Charles Ellicott Commentary 1 Samuel 21

Charles Ellicott Commentary

1 Samuel 21

1819–1905
Anglican
Charles Ellicott
Charles Ellicott

Charles Ellicott Commentary

1 Samuel 21

1819–1905
Anglican
Verse 1

"Then came David to Nob to Ahimelech the priest: and Ahimelech came to meet David trembling, and said unto him, Why art thou alone, and no man with thee?" — 1 Samuel 21:1 (ASV)

Then came David to Nob. —Before leaving his native land, David determined once more to see, and if practicable to take counsel with, the old high priest of Israel, with whom, no doubt, in the past years of his close connection with Samuel, he had had frequent and intimate communion. He hoped, too, in that friendly and powerful religious centre to provide himself and his few companions with arms and other necessities for his exile; and it is also probable that he intended, through the friendly high priest, to make some inquiry of the Divine oracle, the Urim and Thummim, concerning his uncertain future. The unexpected presence of Doeg, the powerful and unscrupulous servant of Saul, at the sanctuary, no doubt hurried him away in great haste across the frontier.

The town of Nob, situated between Anathoth and Jerusalem—about an hour’s ride from the latter—has been with great probability identified with the “village of Esau,” El-Isaurizeb, a place showing all the signs of an ancient town, with its many marble columns and ancient stones. There, in these later days of Saul, “stood the last precious relic of the ancient nomadic times—the tabernacle of the wanderings, around which, since the fall of Shiloh, had lived the descendants of the house of Eli.

It was a small colony of priests; at least eighty-five persons ministered there in the white linen dress of the priesthood, and all their families and herds were gathered around them. The priest was not as ready to befriend David as the prophet was (we allude to David’s reception by Samuel at Naioth by Ramah, 1 Samuel 19:0). As the solitary fugitive, famished and unarmed, stole up the mountainside, he received only a cold welcome from the cautious and courtly Ahimelech.” —Stanley, Lectures on the Jewish Church, Lect. 12

To Ahimelech the priest. —He was the great-grandson of Eli, as follows:

Died at Shiloh after news of the Ark’s capture,

Eli

Phinehas

Ahitub

Ichabod

Ahimelech

Abiathar.

Slain by Philistines in battle
Reign of Saul—High Priest,

Reign of David—High Priest, (See 1 Samuel 22:19–20.)

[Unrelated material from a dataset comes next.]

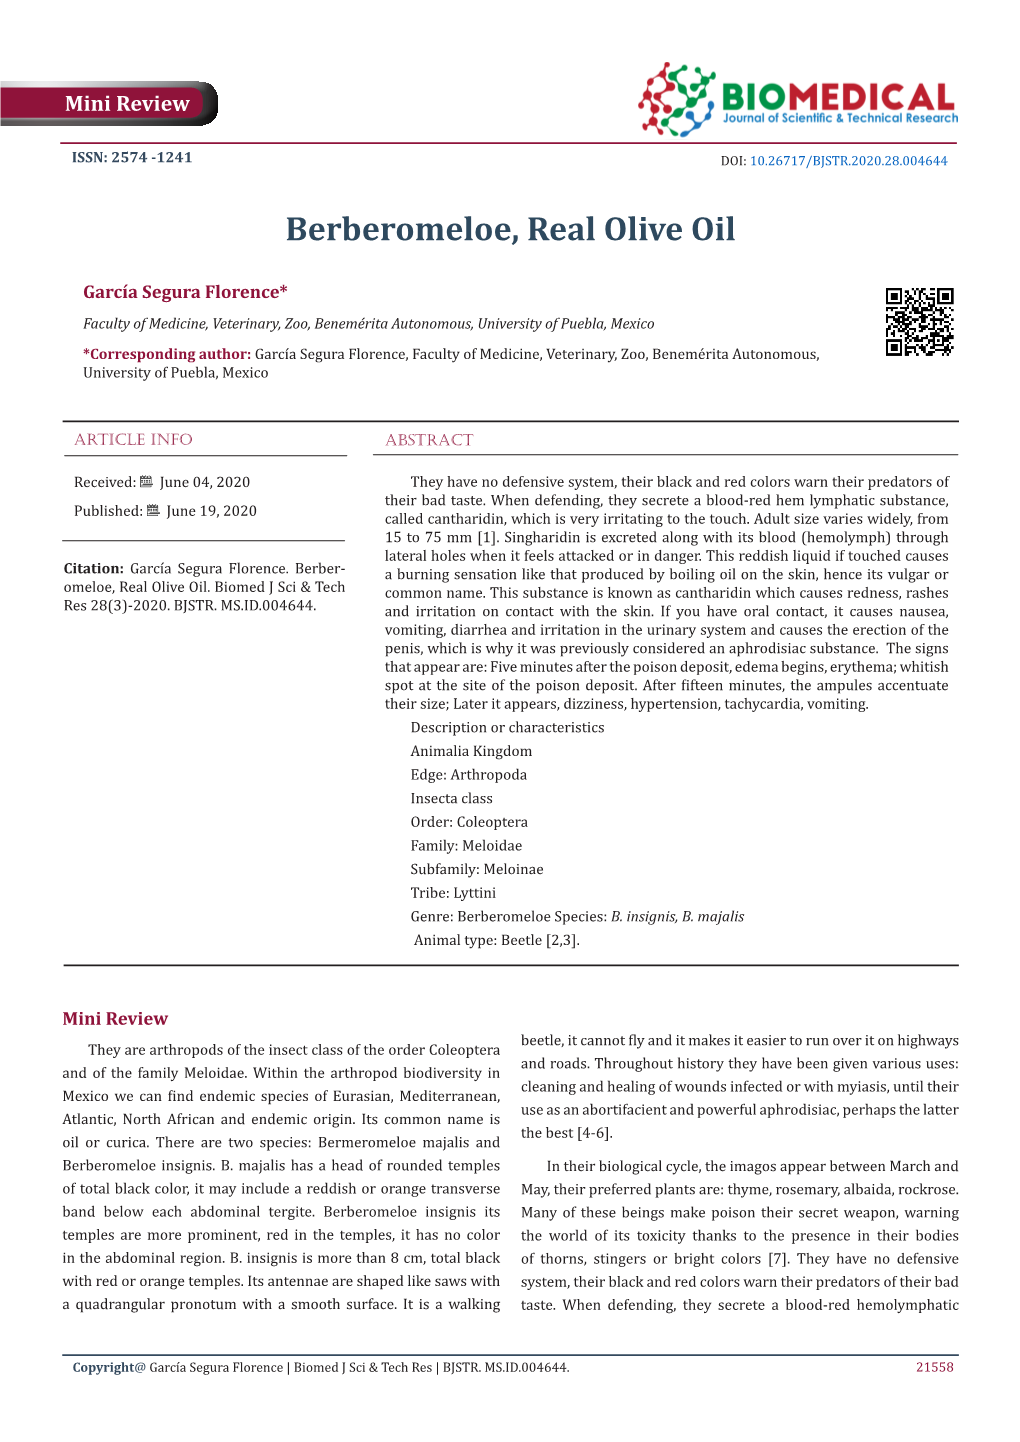 Berberomeloe, Real Olive Oil

He was probably identical with Ahiah (1 Samuel 14:3); this, however, is not certain. Dean Payne Smith believes Ahiah was a younger brother of Ahimelech, who, while Ahimelech remained with the Ark, acted as high priest at the camp for Saul, especially in consulting God for him using the ephod with the breastplate (the Urim).

Why are you alone? —The priest, not unfriendly but cautious, who, though unaware of the final rupture between Saul and David, was of course cognizant of the strained relations between the king and his great servant, was uneasy at this sudden appearance of the king’s son-in-law—the well-known military chieftain, David—alone and travel-stained at the sanctuary.

Verse 2

"And David said unto Ahimelech the priest, The king hath commanded me a business, and hath said unto me, Let no man know anything of the business whereabout I send thee, and what I have commanded thee: and I have appointed the young men to such and such a place." — 1 Samuel 21:2 (ASV)

The king has commanded me. —This is one of the sad episodes in a glorious life. Overwhelmed with dismay at his sudden fall, home and wife, friends and rank, all had been taken from him. He who had been on the very steps of the throne, the darling of the people, and strangely successful in all that he had until then undertaken, was now a proscribed exile, flying for his life. These things must plead as his excuse for his falsehood to Ahimelech, and his flight to and subsequent behaviour among the hereditary enemies of his race, the Philistines.

But here, as in so many places, the Holy Spirit who guided the pen of the compiler of this true history could not lie, but fearlessly tells the repulsive truth which must always be deeply damaging to the favourite hero of Israel. “The Holy Spirit has become the chronicler of men’s foolish, indeed, sinful actions. He has narrated the lies of Abraham, the incest of Lot, the simulation of the man after God’s heart.”— Lange.

I have appointed my servants. —This portion of his words to Ahimelech was, no doubt, strictly true. It is unlikely that one in the high position of David at the court of Saul, also possessing such powers over men’s hearts, would be allowed to go even into exile without any friends or attendants. Those alluded to here probably joined him soon after his parting with Jonathan. Our Lord, in Mark 2:25-26, speaks of the priest giving the shewbread to David and to those that were with him, when both he and they that were with him were an hungred.

Verse 4

"And the priest answered David, and said, There is no common bread under my hand, but there is holy bread; if only the young men have kept themselves from women." — 1 Samuel 21:4 (ASV)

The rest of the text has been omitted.